While some study designs are better suited to answer a given research question, the same research question may be addressed using different study designs whose features are susceptible to different biases that need to be addressed when assessing study quality. Typically, methodological quality assessment tools are classified by research design, such as in the various toolsets described.

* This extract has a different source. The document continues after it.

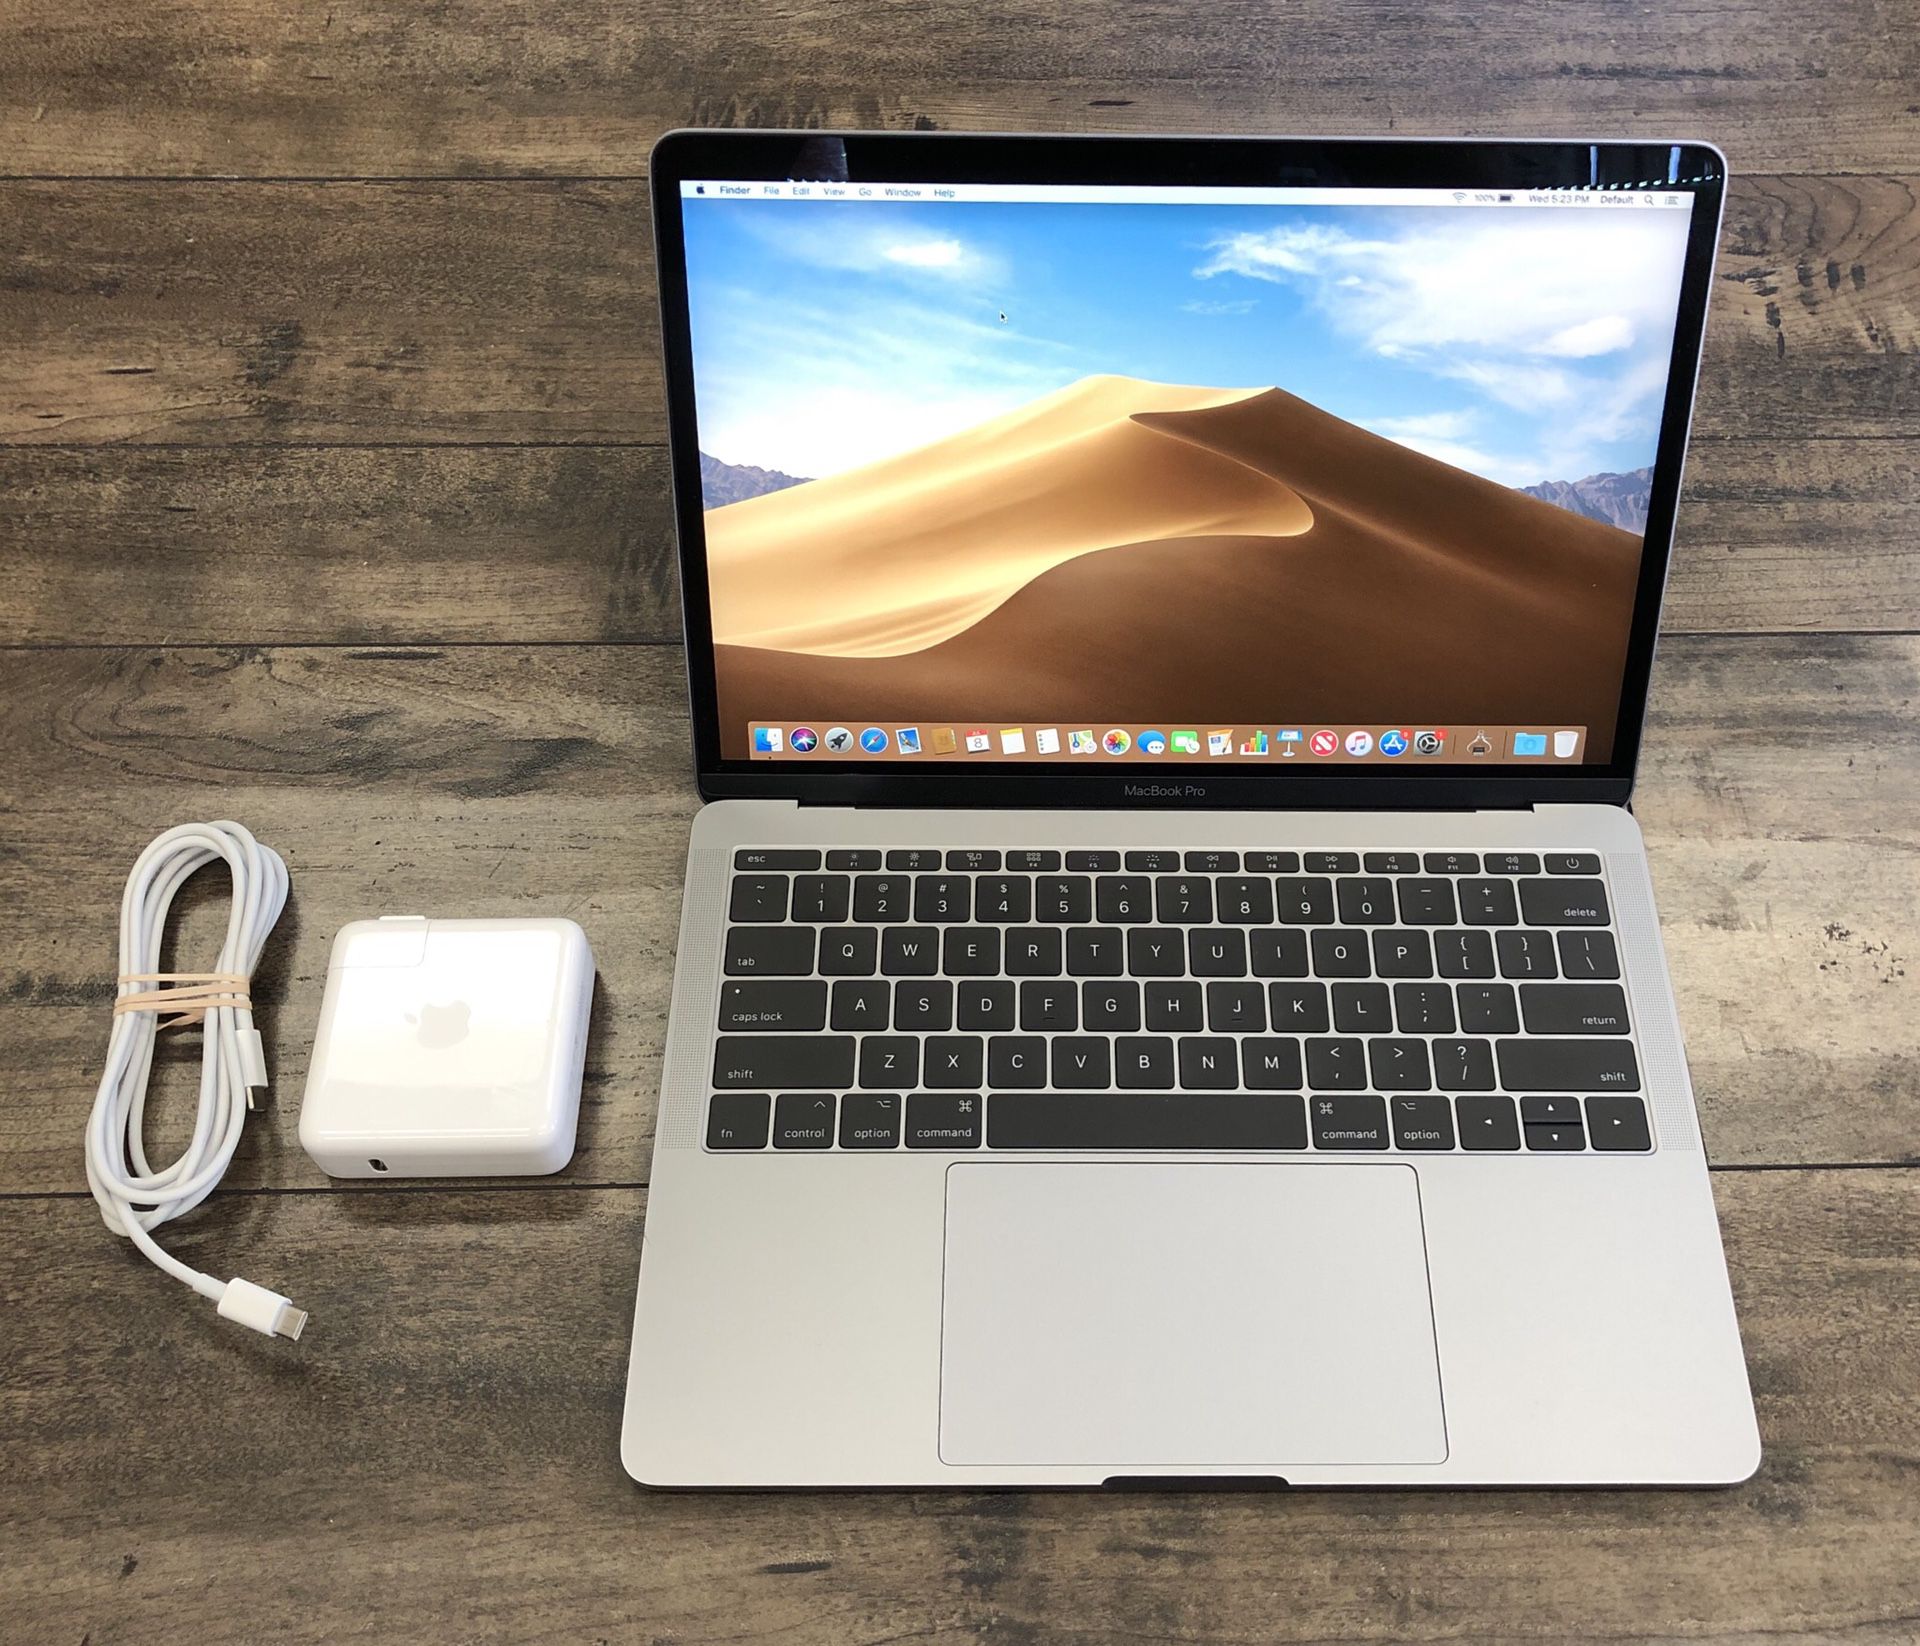 2017 Apple MacBook Pro 13” Intel Core i5, 8GB RAM, 128GB SSD Laptop Computer

However, this may not be necessary if the design feature is specifically included as a quality safeguard when the design protects against an element of bias, as has been achieved in the MASTER scale. Moreover, an advantage of emphasizing study design features in a unified tool (eg, the MASTER scale) over design-specific appraisal tools (eg, JBI, SIGN, NOS tools) is that because the use of study design labels in practice is inconsistent, selecting the appropriate tool is not always straightforward. Whether using design-specific tools as a set to assess multiple designs within a synthesis or a single tool for multiple designs, there is a requirement for a comprehensive list of safeguards across designs to be able to assess all aspects of the different designs comparatively. There were several safeguards from the MASTER scale not included in the design-specific tools and which spanned all 7 methodological standards in the MASTER scale, suggesting that the methodological quality assessment of a given study using the design-specific tools could be improved if the MASTER scale was used instead.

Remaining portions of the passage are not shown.